### WHAT TO DO
In the entries that follow, the lines from the line containing "THE OUTLOOK, November" up to and including the line containing "More than 272" must be copied exactly, with pictures omitted.

### STUDY MATERIAL
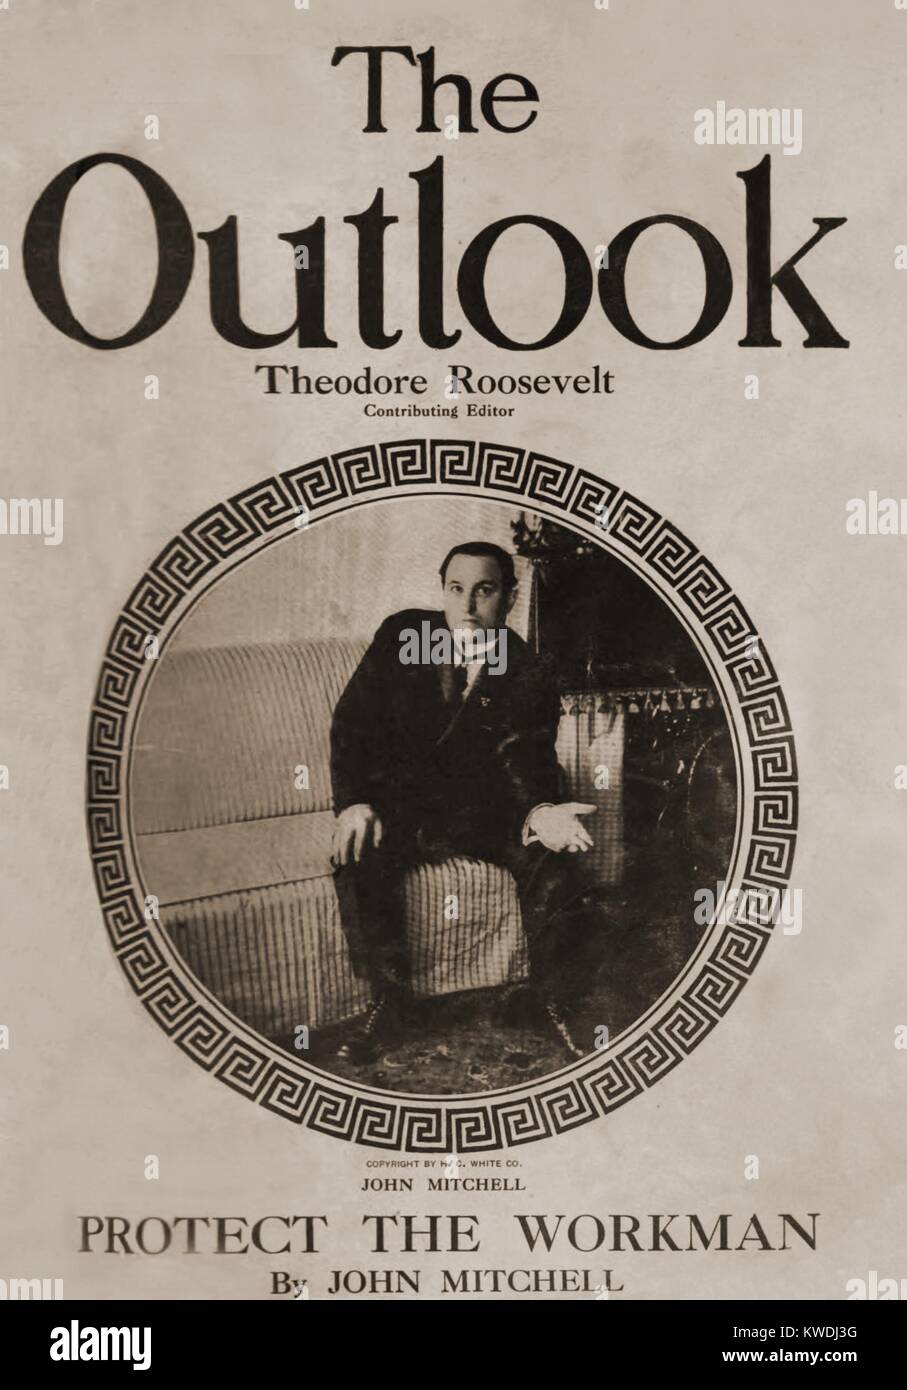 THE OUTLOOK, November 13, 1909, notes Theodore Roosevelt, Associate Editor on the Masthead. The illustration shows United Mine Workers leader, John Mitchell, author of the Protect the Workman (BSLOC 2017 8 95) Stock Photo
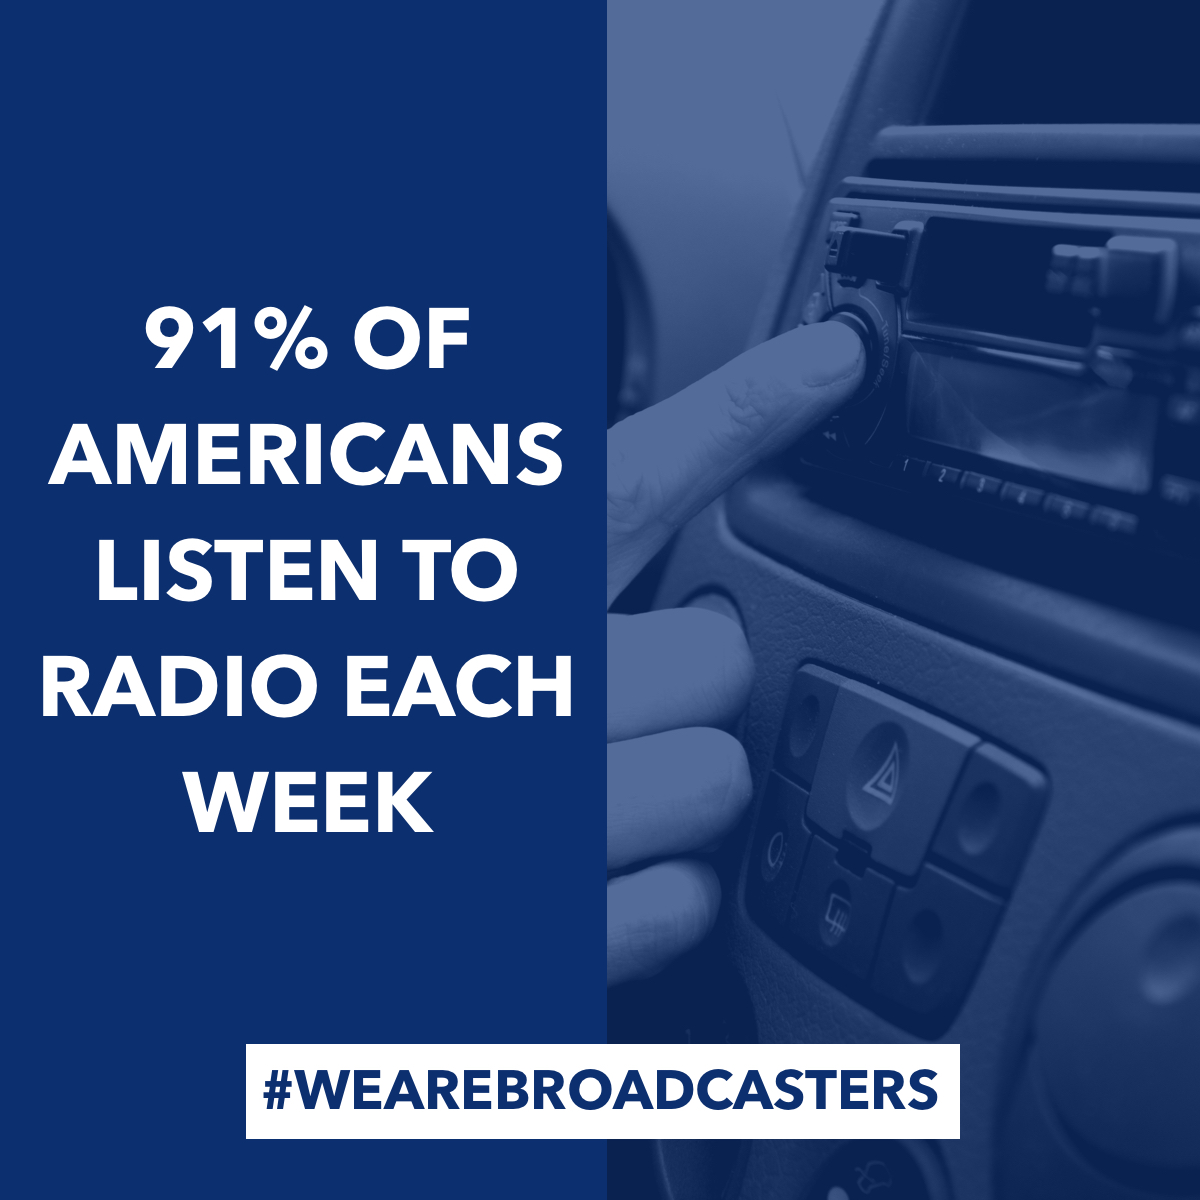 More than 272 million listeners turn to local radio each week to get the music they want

...

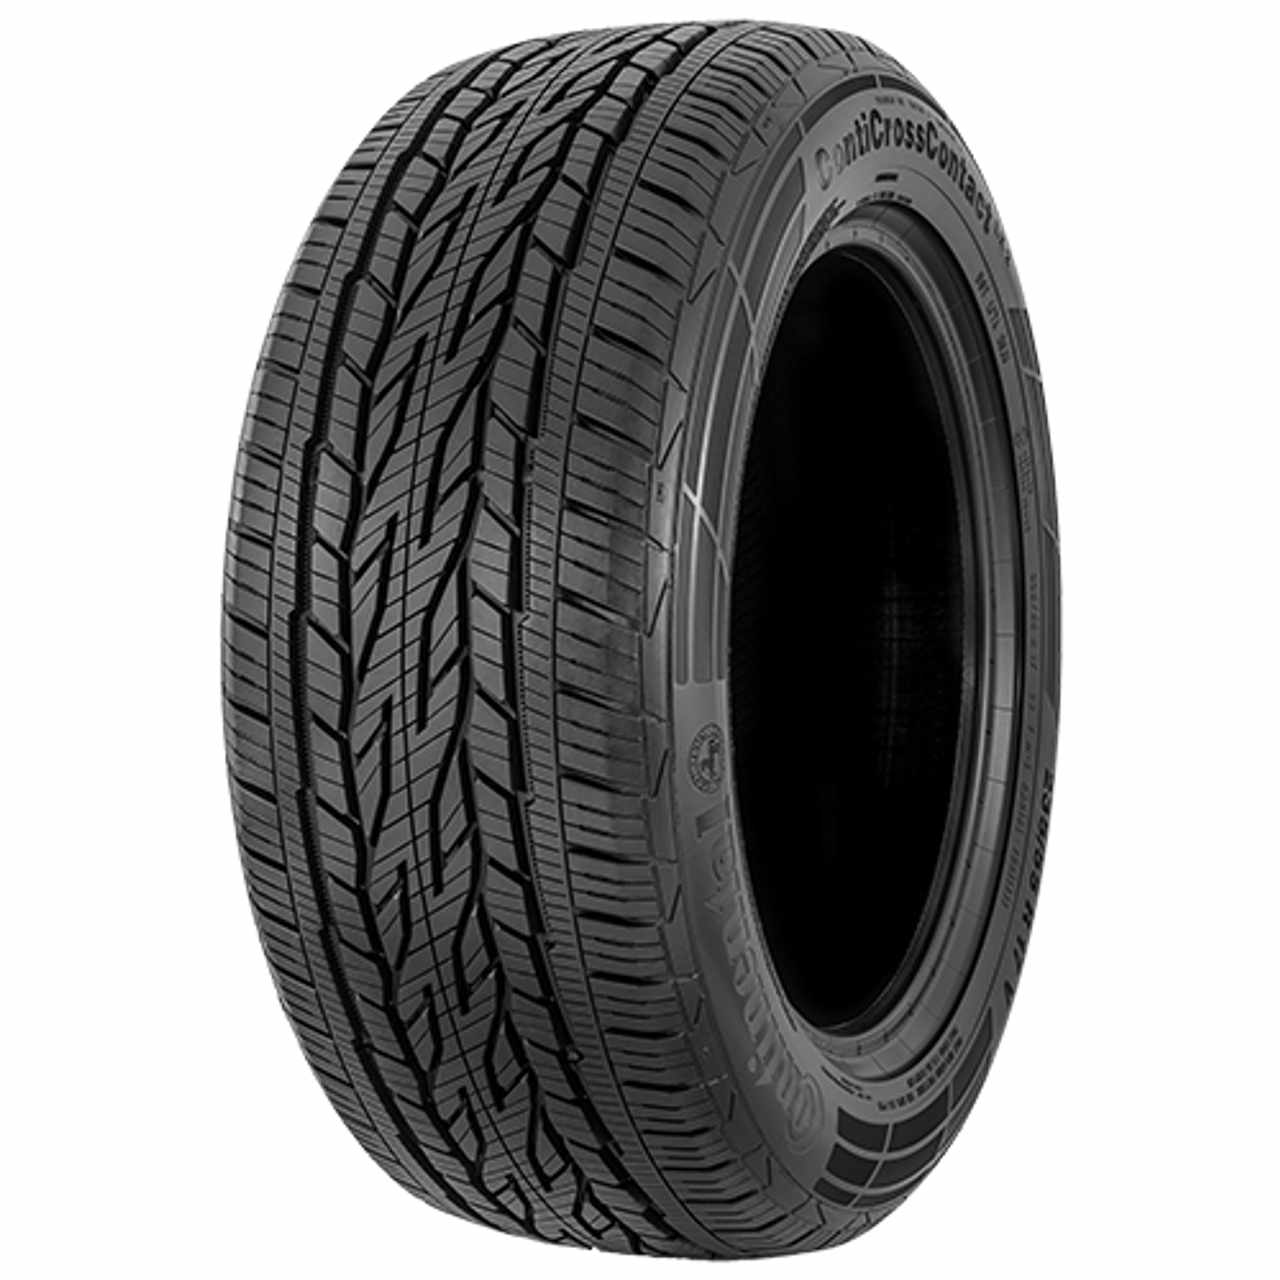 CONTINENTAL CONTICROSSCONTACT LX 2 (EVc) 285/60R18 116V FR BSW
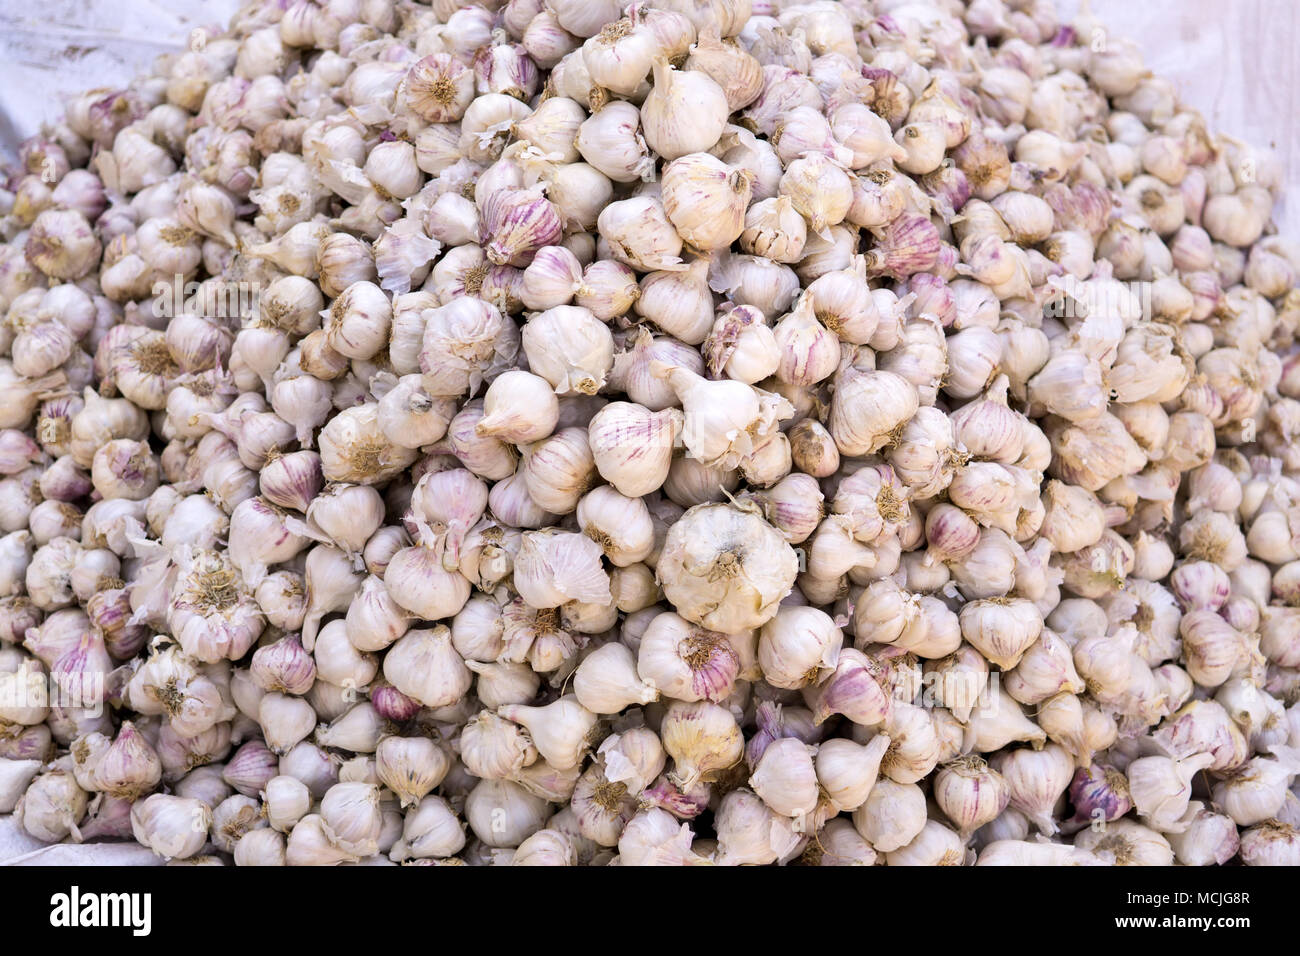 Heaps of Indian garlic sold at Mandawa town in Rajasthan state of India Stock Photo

### PROBLEM SOLUTION
 THE OUTLOOK, November 13, 1909, notes Theodore Roosevelt, Associate Editor on the Masthead. The illustration shows United Mine Workers leader, John Mitchell, author of the Protect the Workman (BSLOC 2017 8 95) Stock Photo
 More than 272 million listeners turn to local radio each week to get the music they want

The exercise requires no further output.